# Venting pellet stove to existing single wall chimney pipe



## Cornerspeed (Sep 26, 2014)

Hi all,

I have removed my old wood stove to be replaced by a new pellet stove.  I am in the process of venting it, and spoke with a woman at the local "fireplace" store about my ideas, and she gave me some information that I'm trying to verify.

My pellet stove is installed right where the wood stove was.  The vent pipe from the wood stove went straight out of the top of the wood stove, and straight through 2 floors, out the roof.  The existing chimney pipe is 6" single wall.  My idea was to buy a T with cleanout to come out of the pellet stove, and run a section of 3" pellet stove vent pipe into a 3" to 6" adapter into the existing single wall chimney pipe.

The woman at the store told me that was not safe, that pellet stove vent pipe needed to be double walled, and that if I did do it the way I wanted, that the pellet stove smoke would build up quickly and clog and destroy the existing single wall chimney pipe.  

I came home to do a little research and I do see that pellet stove pipe is double walled, but I really can't find any information stating that it was dangerous or bad to do the venting the way I wanted.  Also, the fact that name brand fireplace supply companies are selling the adapters is making me scratch my head.  

Are these adapters made for something different?  Is it unsafe to vent the pellet stove the way I want?  The section of double walled pipe will be roughly 4' before adapting into single walled.  I'm not looking to do anyhting unsafe, but I am just a bit confused by the availability of those adapters, and the fact that I can't find any information to substantiate the claims made at the store.  

Thanks in advance for any help,
Jon


----------



## pen (Sep 26, 2014)

I think a few pictures would help here.  Are you saying that the chimney is single wall stove pipe that goes up through the interior of your home..... Passing through floors?  Or is is single wall liner that is in a masonry chimney, and using it as a chase? 

The woman you spoke with may have the same concern I do,,, which is by the way you describe things, I'm not sure how your house is still standing after having a wood stove hooked to this chimney, and certainly wouldn't recommend another appliance hooked to it.

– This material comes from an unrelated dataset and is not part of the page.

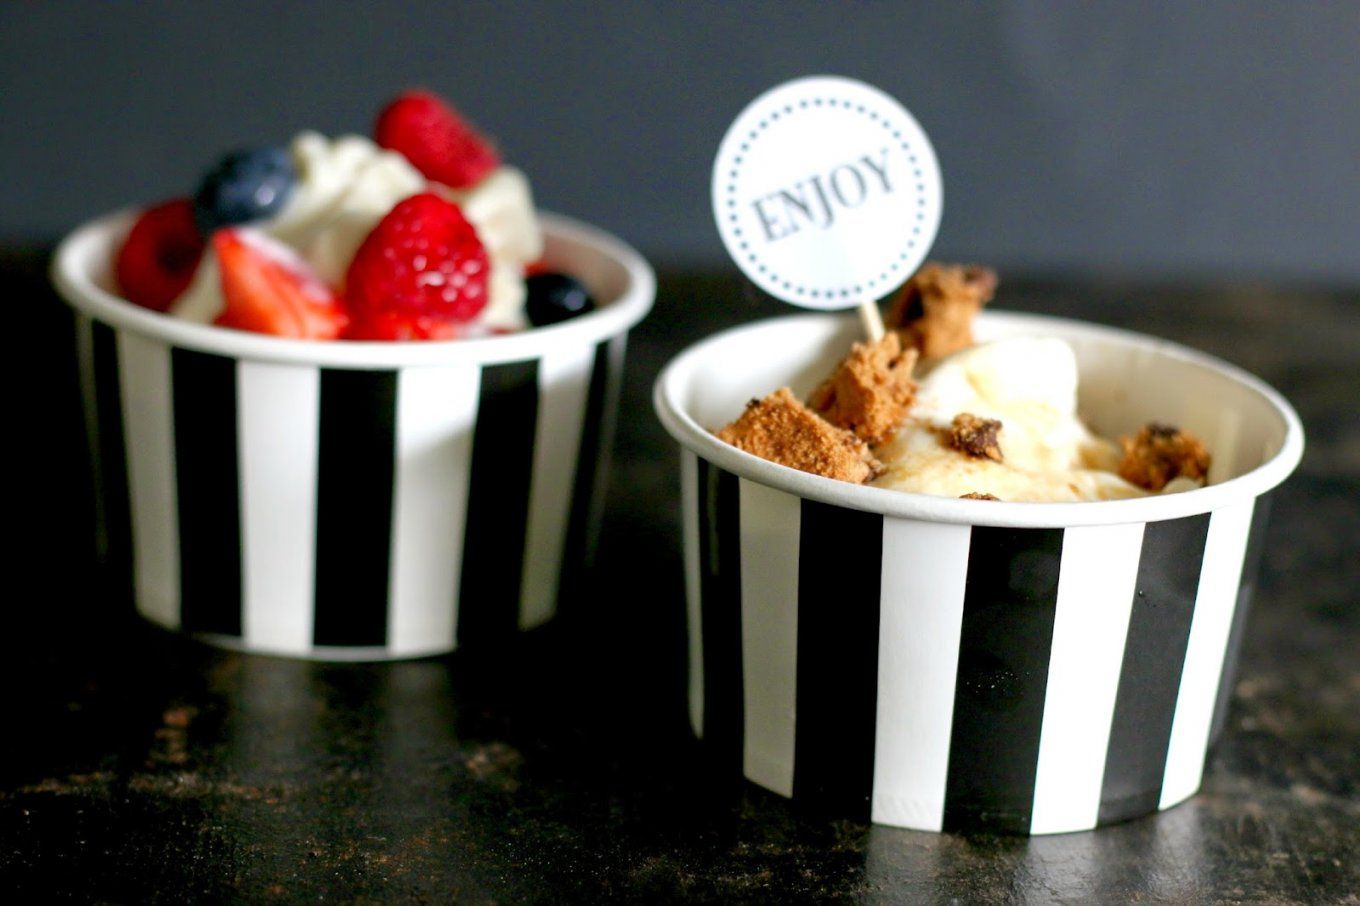 Einfach Selber Machen Frozen Yoghurt (Vegan) Mit Toppings  Volle Lotte von Frozen Yogurt Selbst Machen Photo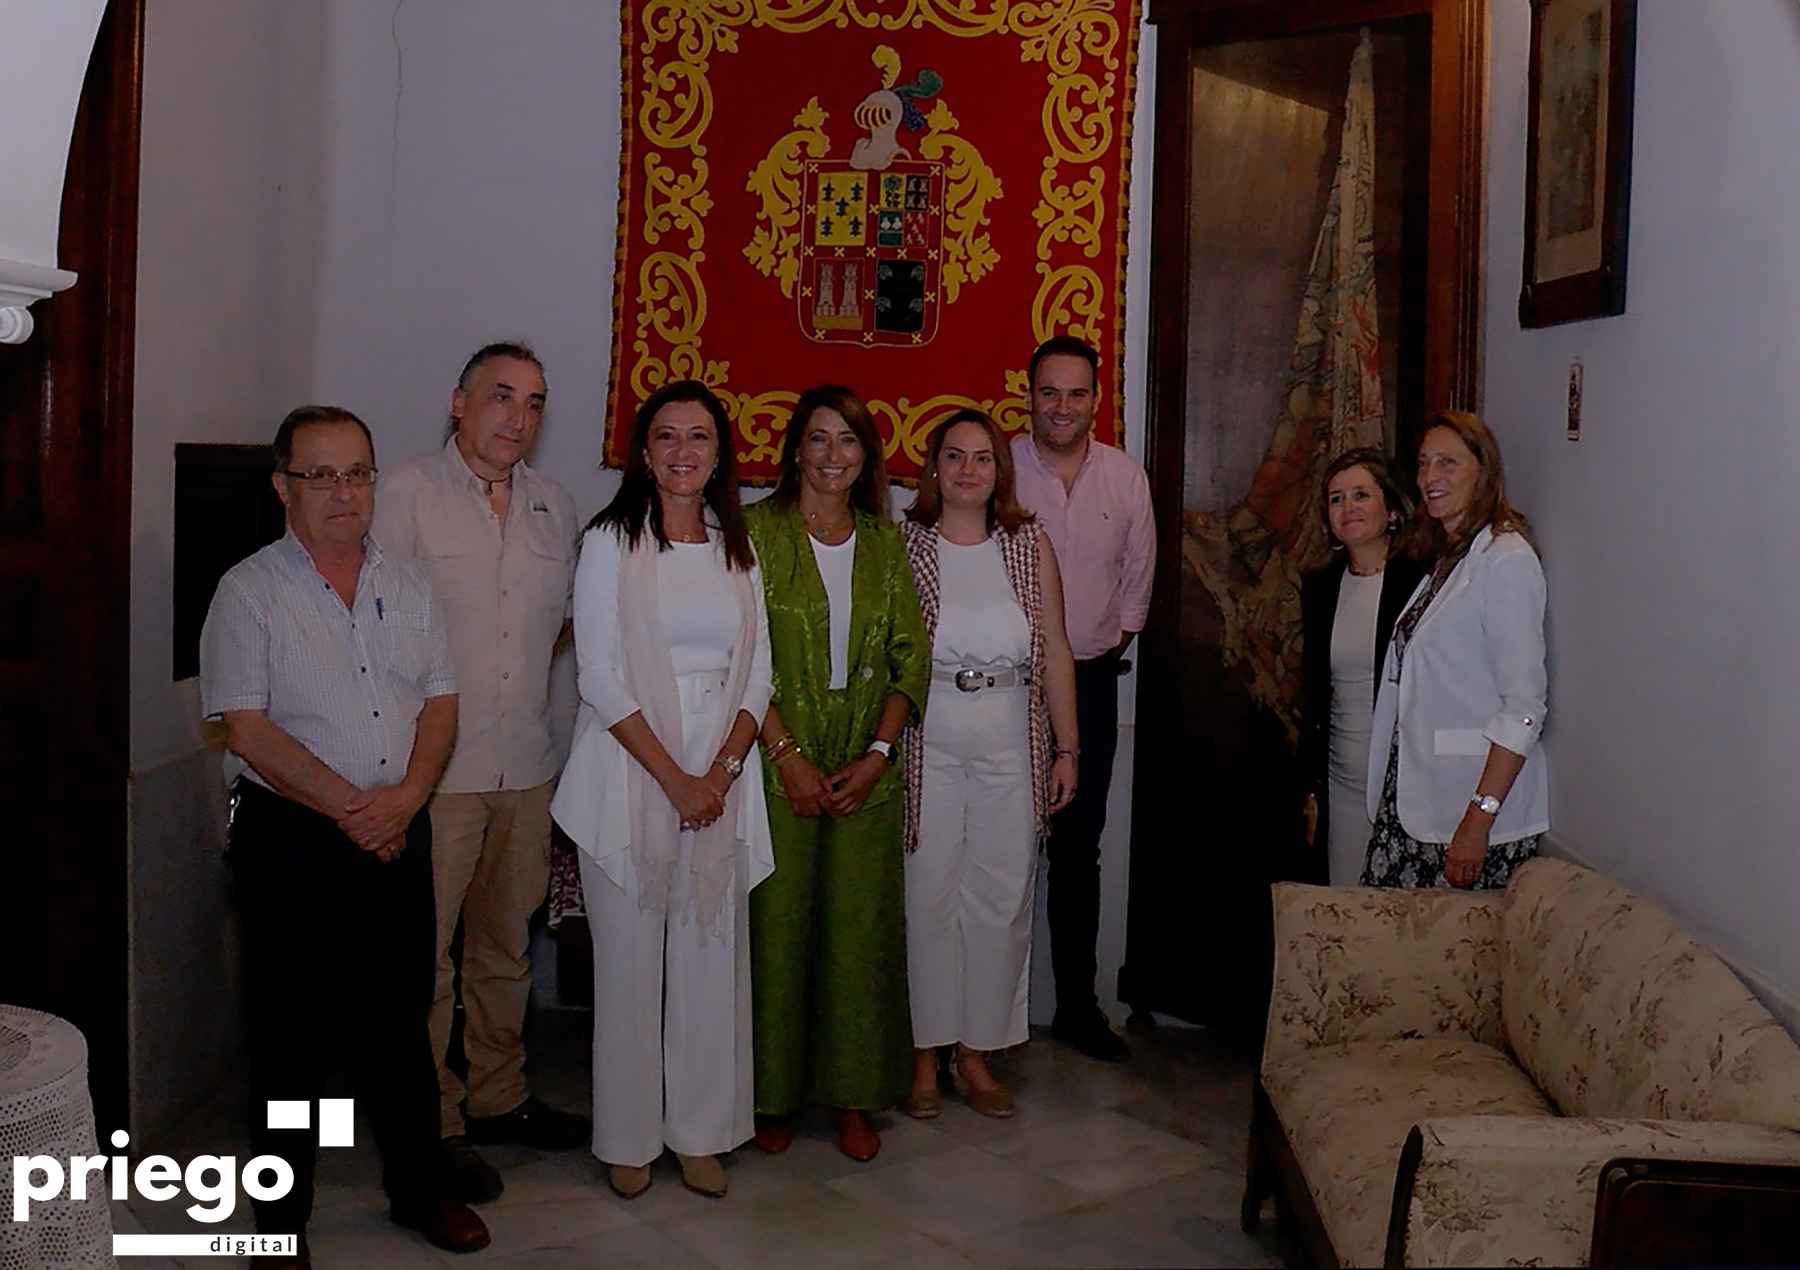 Autoridades y familia propietaria junto al Pendón de los Zamorano, expuesto en la vitrina de la derecha de la imagen.

That said, it may just be a miscommunication making me worry, post a bunch of pics of what you are working with and folks here will be better able to give good advice.


----------



## kniffin50 (Sep 26, 2014)

Pen took the words right out of my mouth.I was wondering how the house was still standing. post some pics and it will get sorted out. and welcome to the forum


----------



## Cornerspeed (Sep 26, 2014)

Hey guys, thanks for the quick help.

So, I got extremely worried when I read your guys response about the safety of that.  I know very little about this type of stuff, and we bought the house not too long ago, the wood stove was already here and piped, and I used it all last winter, so it really bothered me that it may have been unsafe, though I had proof that it was cleaned and inspected shortly before we moved in.  So, I did a little looking around and I believe I may have been ignorant about what I was working with here. The pipe that was coming out of the wood stove was indeed single wall pipe I believe, but once it met the roof and began to go up into the house, it looks like it changes into something else.  I'm not positive if this is double walled or something else, hopefully the pictures help.  It's much thicker then the single wall pipe that's not in the wall, and if you knock on the pipe it's got a very dull thud, almost like it's lined or insulated with something thick.  This pipe runs from where the single wall pipe meets the roof line, all the way out of the top of my house.  I have the receipt from when this pipe was replaced 2 years ago, and it was done professionally, so I'm hoping the pipe that is in the wall right now is correct, but again, hopefully the pictures help.

The picture of the wood stove is to get an idea of what was there as far as the single walled pipe, and everything else is showing the different type of vent pipe going up through the upstairs, the attic, and out of the roof.  Hopefully someone can inform me of what type of chimney pipe this is, and also whether it is correct and safe, I'm very interested now.  More or less, the best I can tell, the black piping is the only single walled pipe used, and it does not go into the structure of the home anywhere that I can see.


----------



## Cornerspeed (Sep 27, 2014)

Ok, so, I did a ton of research last night and today and I'm still a little confused on what I'm gonna need to do it all, but hopefully with some more information on what I have, someone can lead me in the right direction.  

I have class A chimney going up and through the house.  It is solid packed with insulation. The pipe that runs inside the insulation is 6", so I'm assuming it is measured as a 6" class A pipe. 

It looks like what I'm going to need is an adapter from 3" pellet vent to 6" class A.  I found this product that I believe will work: http://www.amazon.com/Pellet-Stove-Chimney-Adapter-6/dp/B000KA4O7U#productDetails

What I am confused about is this piece that is listed as required with that adapter.  http://www.amazon.com/Durablack-DVL-Chimney-Adapter-6/dp/B001GLUODK

Any help is much appreciated.  The more I look into this, the more confused I am getting at times.  I'm thinking about having it professionally installed at this point because I don't completely understand it all.

Thanks again


----------



## kniffin50 (Sep 27, 2014)

Good to see your doing some homework. I'm brand new to this to.Burn a lot of wood but first year for pellets. And I went through the same thing.Use existing class a flue- line that flue with 4inch or take it out and start new. I'm starting new.Mine is on the outside of the house making it a little easier to start over. From what I see you could just adapt it. And if it drafts poorly you could then line it. Many say line it others don't. It comes down to you.Like I said this is new to me. As for that second connection piece for the adapter it looks to be a locking piece for the two. I could have done mine myself but am have mine installed for me.Remember when you invite fire into your house safety first. Hoped this helped and i'm sure others with more experience will come along. Rusty


----------



## Highbeam (Sep 27, 2014)

That class a in the attic is supposed to have a shield to maintain a 2" clearance to insulation and combustible. The roof decking should also be cut 2" away.


----------